--- START ---
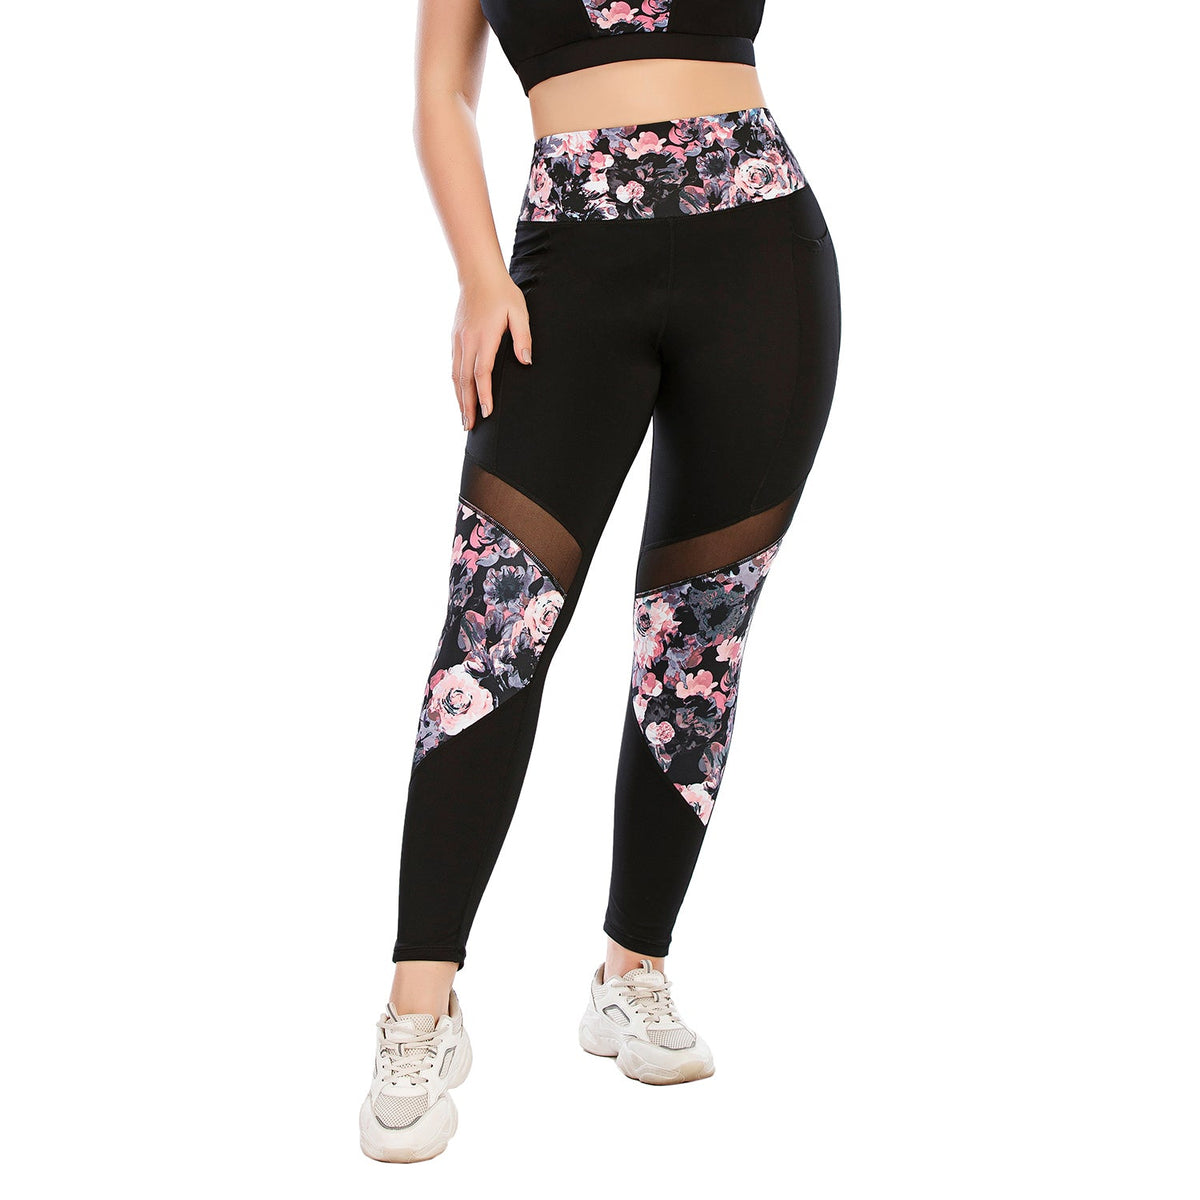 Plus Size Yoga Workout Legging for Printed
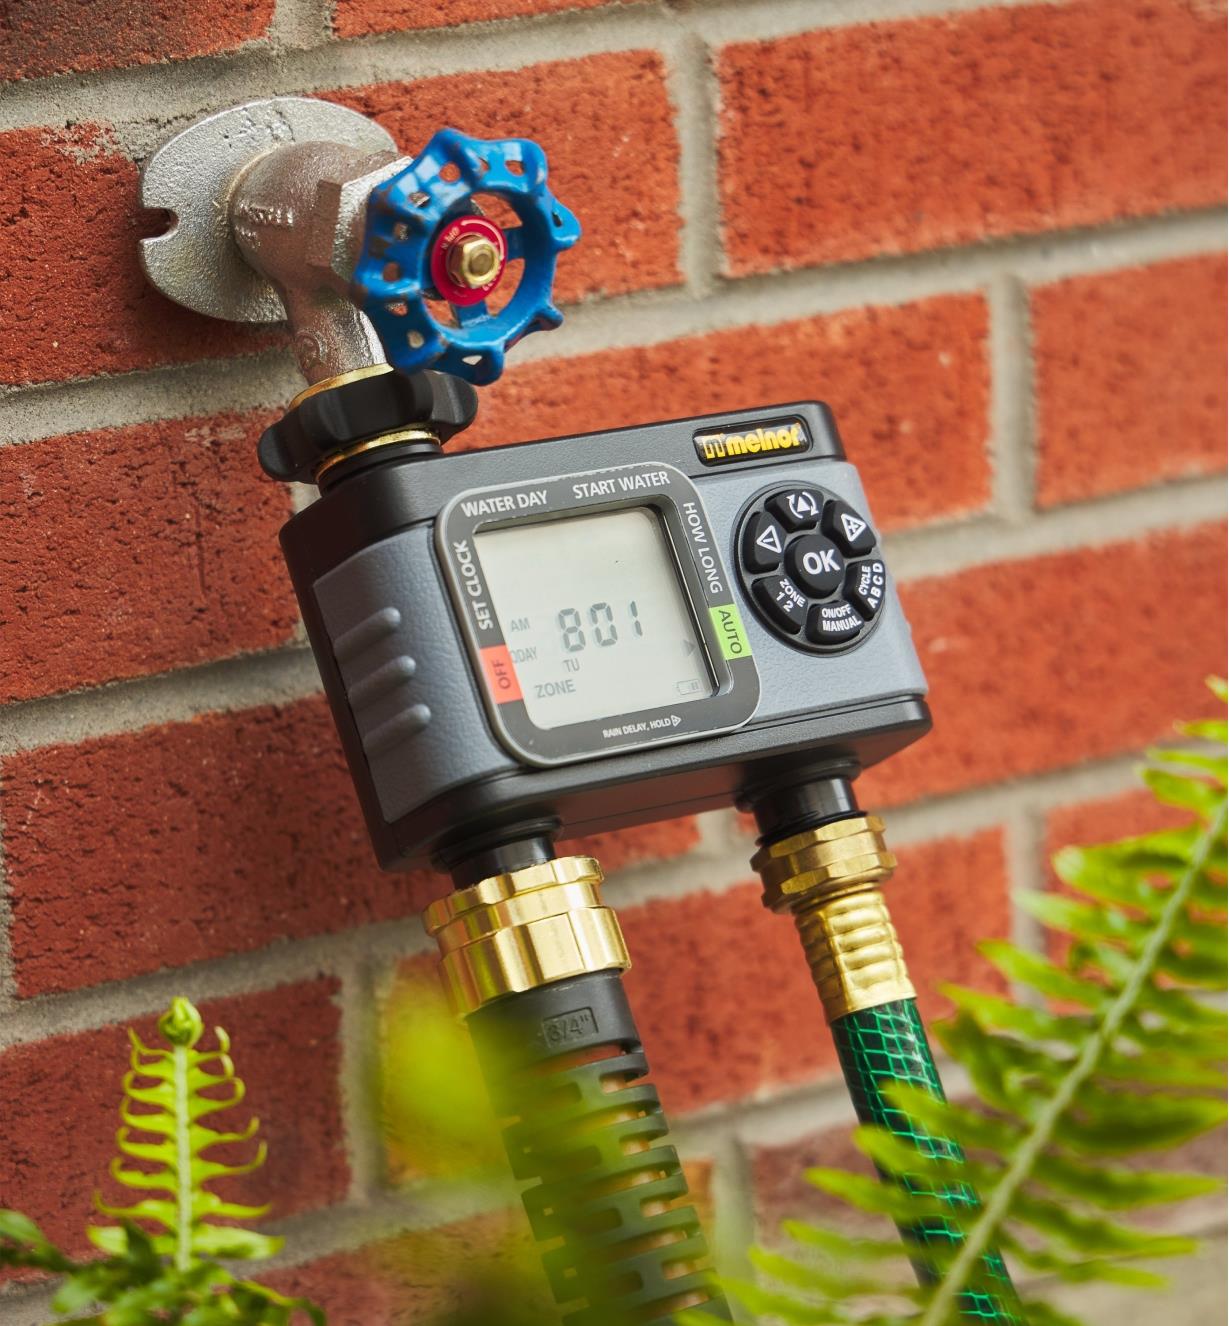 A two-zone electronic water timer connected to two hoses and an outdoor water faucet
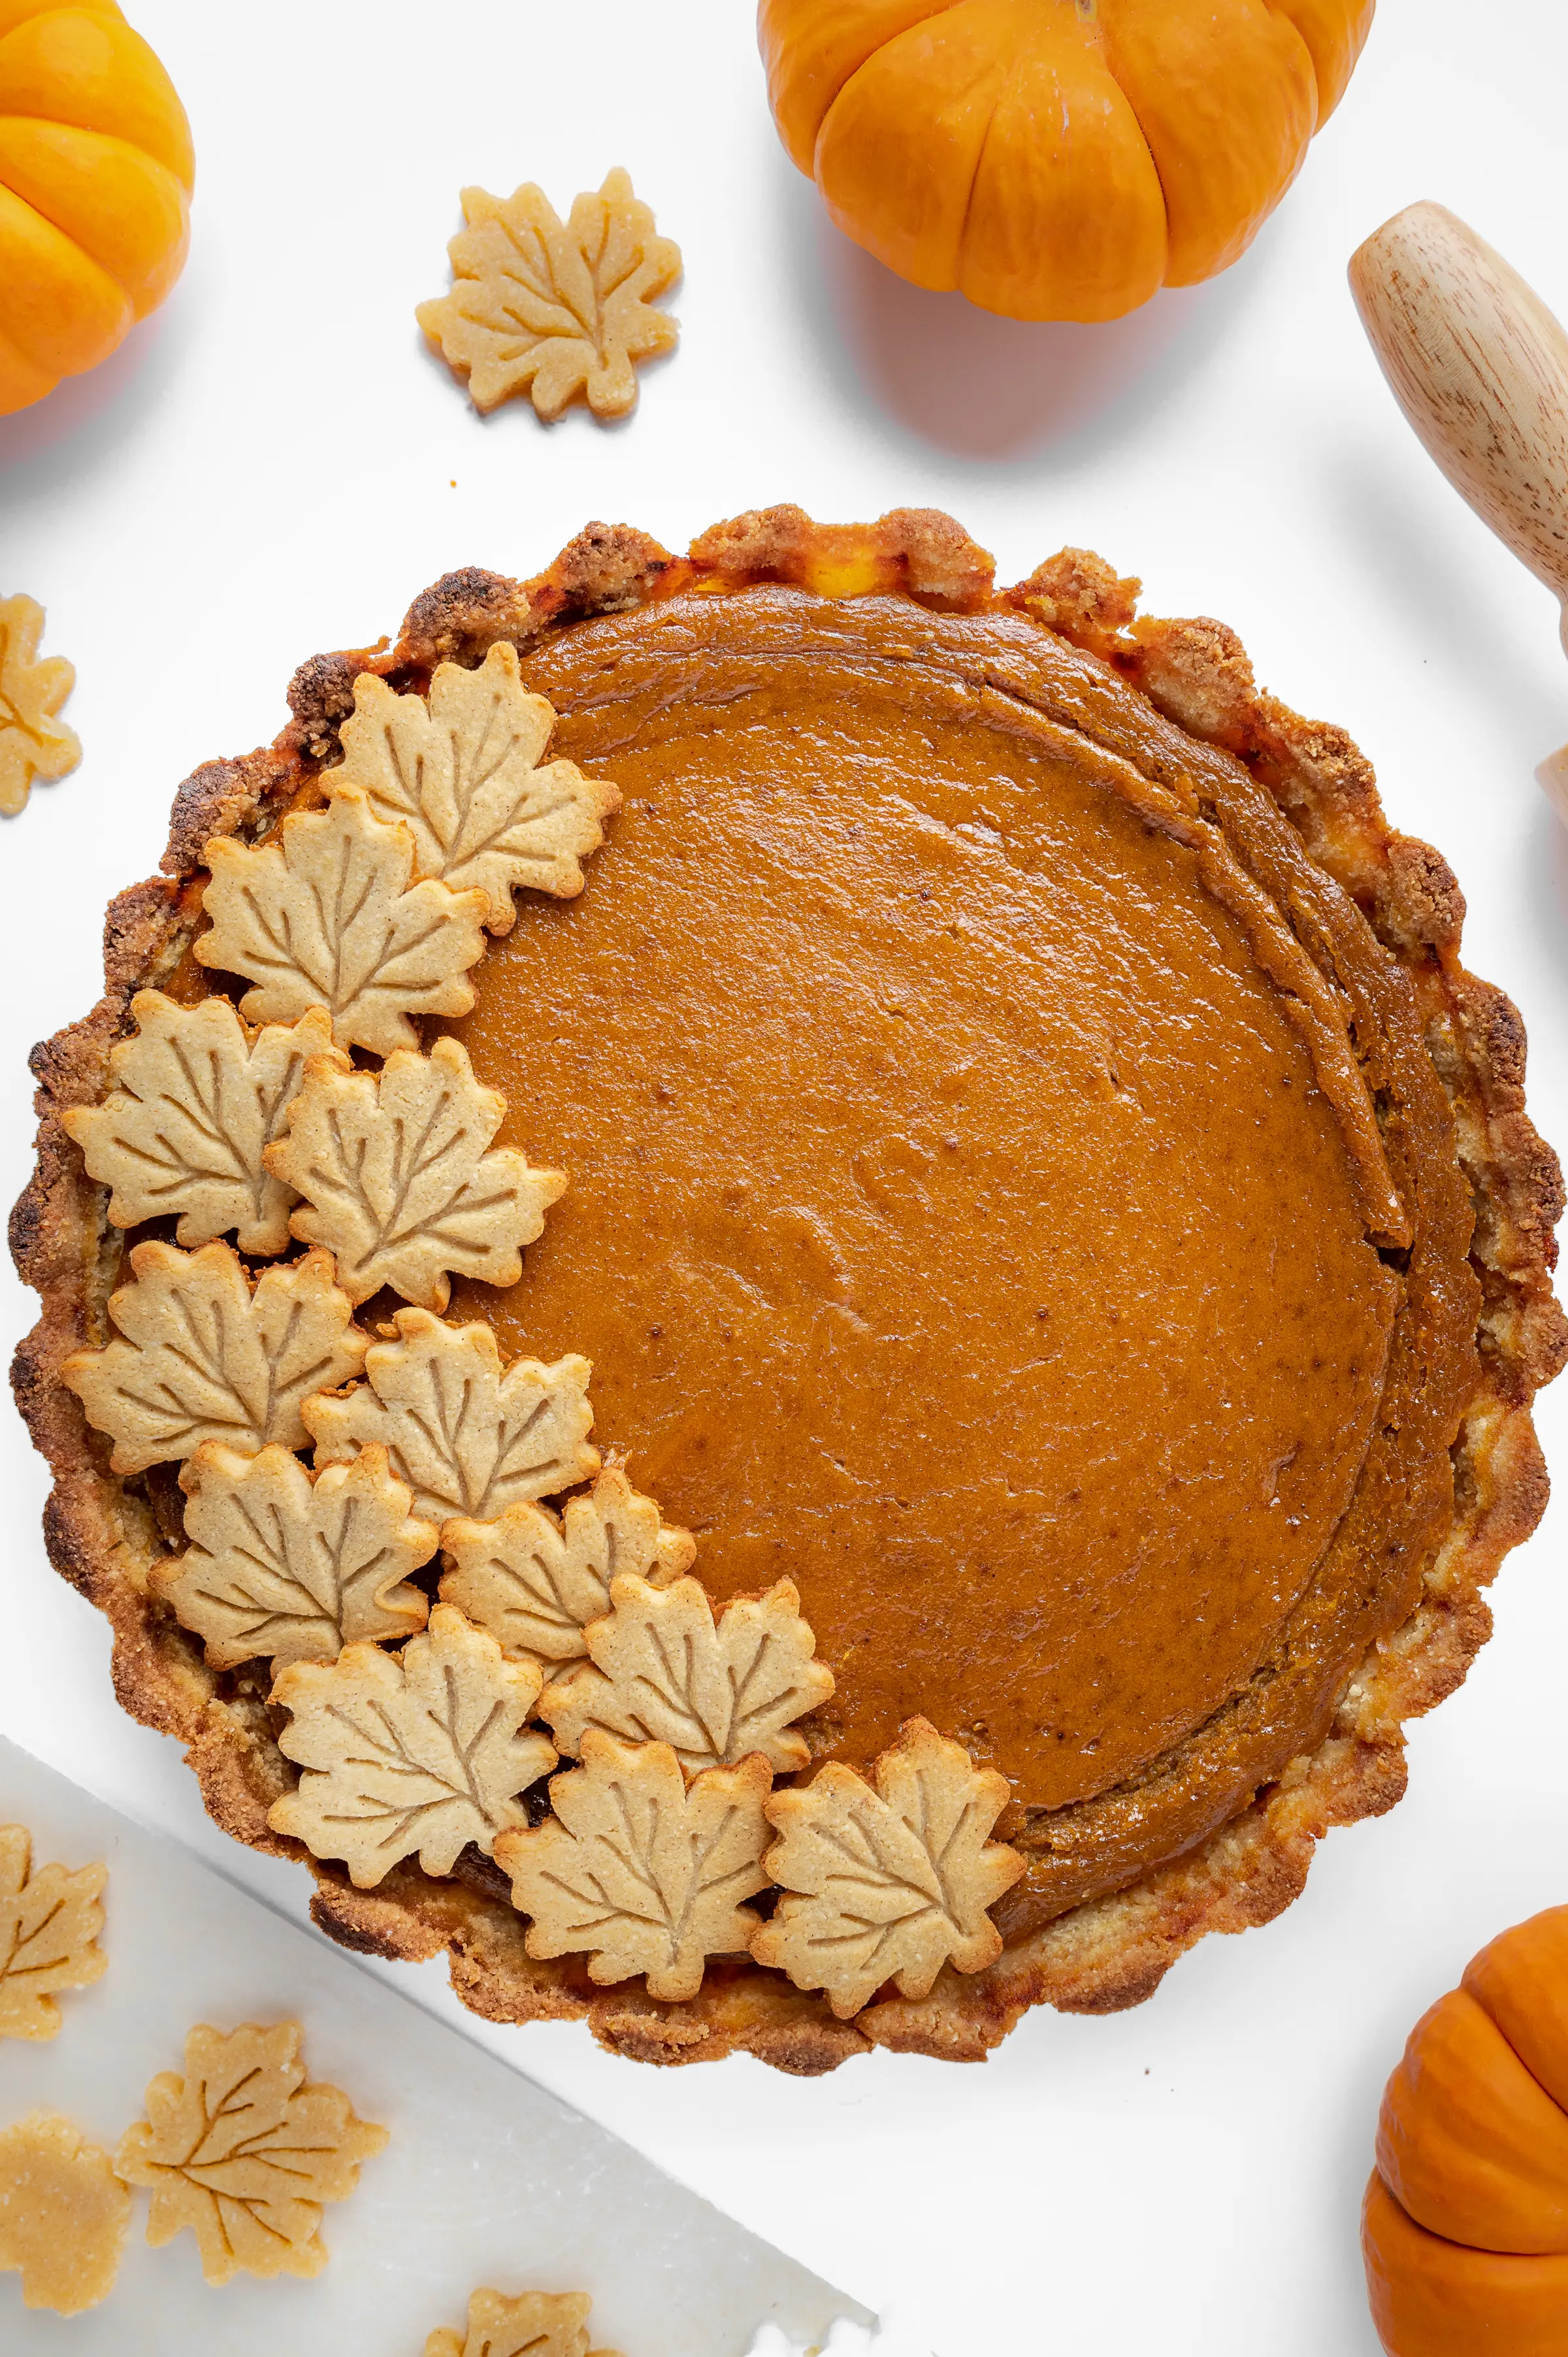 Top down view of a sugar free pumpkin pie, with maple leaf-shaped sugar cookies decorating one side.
--- END ---
**Exercise prompt**:
Output the data exactly, pictures omitted.

**Written answer**:
 Plus Size Yoga Workout Legging for Printed
 A two-zone electronic water timer connected to two hoses and an outdoor water faucet
 Top down view of a sugar free pumpkin pie, with maple leaf-shaped sugar cookies decorating one side.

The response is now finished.